Now create the freestyle ‘sentinel’ job, 
configure source code management,
configure build triggers (requires additional moves on GitHub side),
configure build steps and post build actions… use the printscreens below for reference.

Now let’s create the ‘Pipeline’ job, the job where a lot of magic happens.

just like the ‘Freestyle’, the ‘Pipeline’ created the same way.
After creating scroll to ‘Pipeline’ section and select ‘Pipeline script’, there you will be able to write the Jenkins file.

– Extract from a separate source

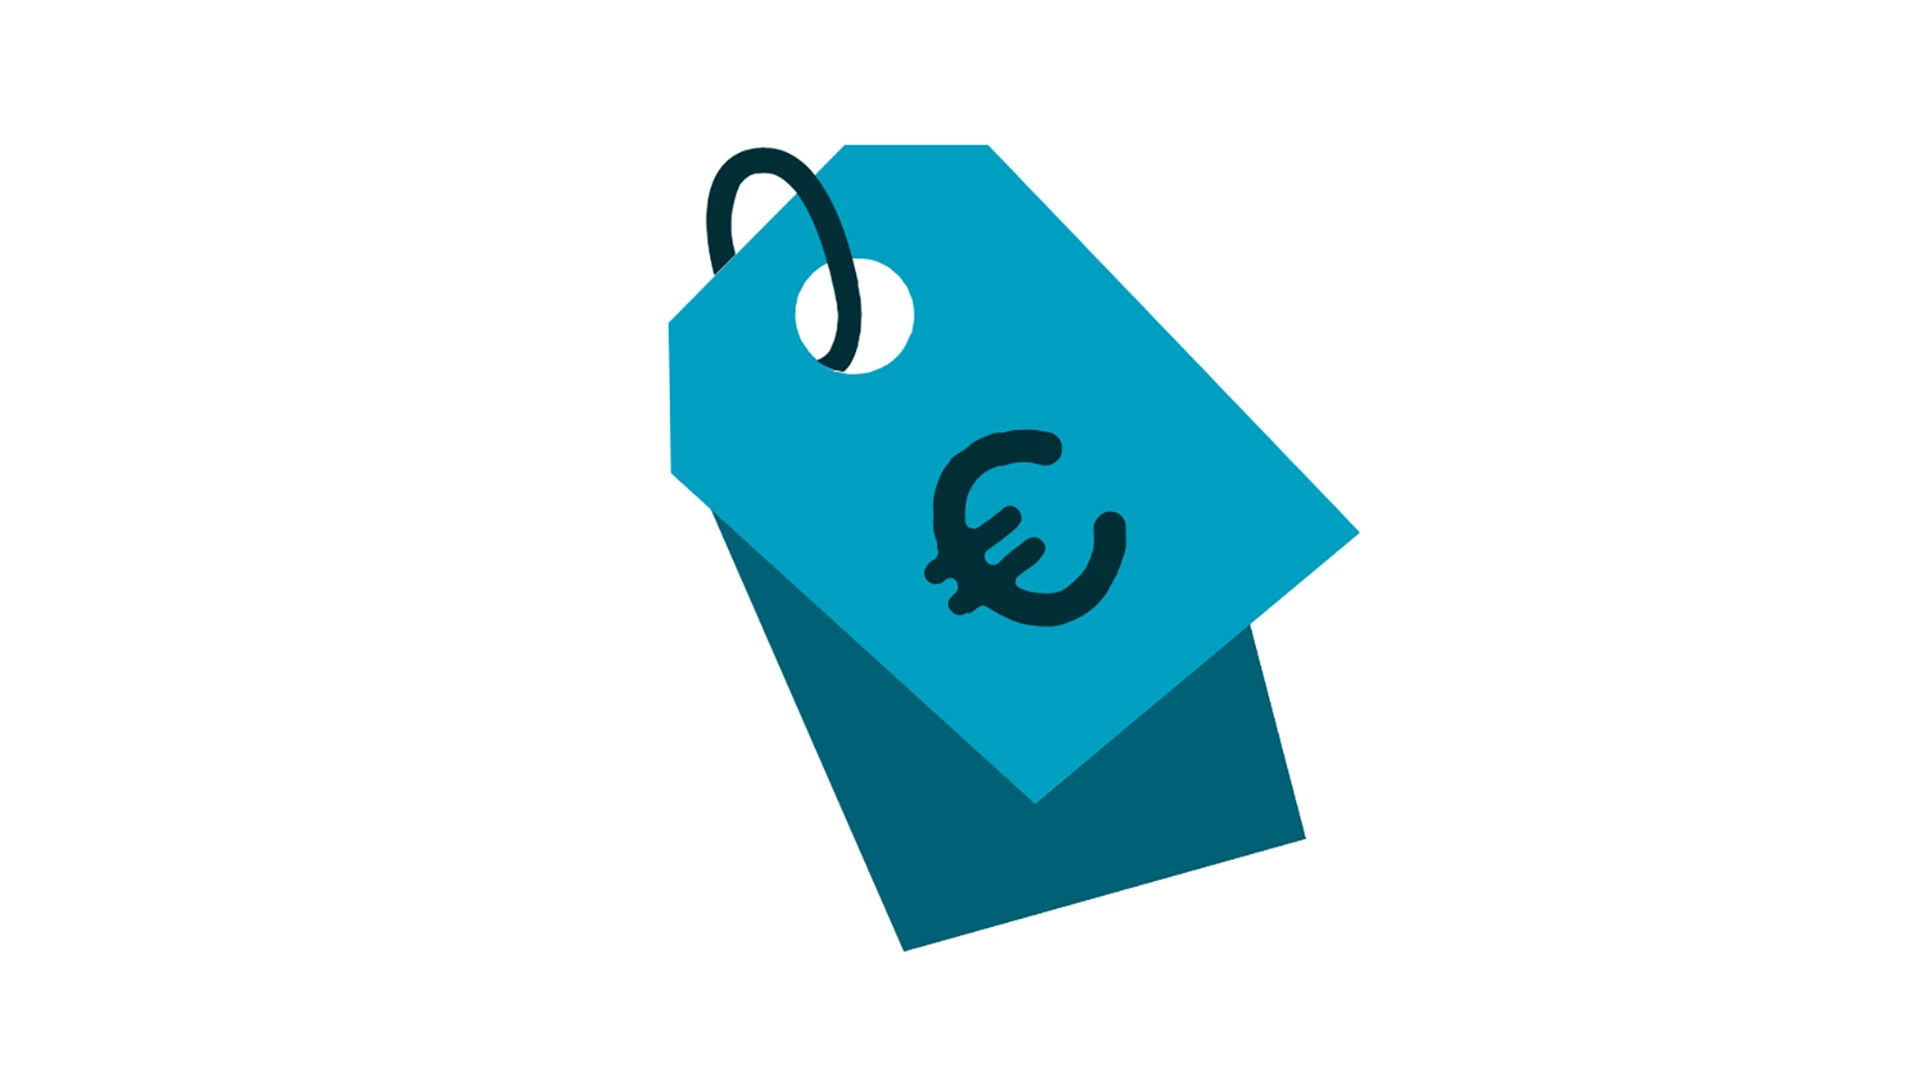 Euro symbol on sales tag

the Jenkinsfile consists of six stages and a post stage:
stage 1: has no real meaning.
stage 2: checks out code from GitHub repo NO’1.
stage 3: builds a Docker image, and taggs it with the build number.
stage 4: authenticate to DockerHub.
stage 5: push the image to DockerHub.
stage 6: checks out the charts from repo NO’2 and deploys the app to kubernetes.
post stage: delete workspace.

pipeline {
  agent any
  stages {
    stage('Stage 1') {
      steps {
        echo "Stage One"
        sh 'pwd'
        sh 'whoami'
        sh 'hostname'
        sh 'cat /etc/os-release'
      }
    }
    stage('Stage 2') {
      steps {
        echo "Stage Two" 
        checkout scmGit(branches: [[name: '*/main']], extensions: [], userRemoteConfigs: [[url: 'https://github.com/EliBukin/dockerized-flask-morse-app']])
      }
    }
    stage('Stage 3') {
      steps {
        echo "Stage Three - build docker image"
        sh 'docker build -t elibukin/dockerized-flask-morse-app:${BUILD_NUMBER} -f Dockerfile_app .'
      }
    }
    stage('Stage 4') {
      steps {
        echo "Stage Four - Authenticate to DockerHub"
        sh 'docker login -u <your-user> -p <your-pass>'
      }
    }
    stage('Stage 5') {
      steps {
        echo "Stage Five - Push docker image to DockerHub"
        sh 'docker push elibukin/dockerized-flask-morse-app:${BUILD_NUMBER}'
      }
    }
    stage('Stage 6') {
      steps {
        echo "Stage Six - Checkout code from the GitHub app (HELM CHARTS) repository, and deploy it to kubernetes."
        sh """git clone https://github.com/EliBukin/helm-flask-morse-app.git && \
            cd helm-flask-morse-app && \
            helm upgrade --install morse-app -n morse-app --create-namespace -f values.yaml \
            --set ingress.hosts[0].host=rke.rancher \
            --set image.repository=elibukin/dockerized-flask-morse-app \
            --set image.tag=${BUILD_NUMBER} . """
      }
    }
  }
  post { 
        always { 
            cleanWs()
        }
    }
}

Now every time code on repo NO’1 changes the CI\CD procedure will be triggered, try it!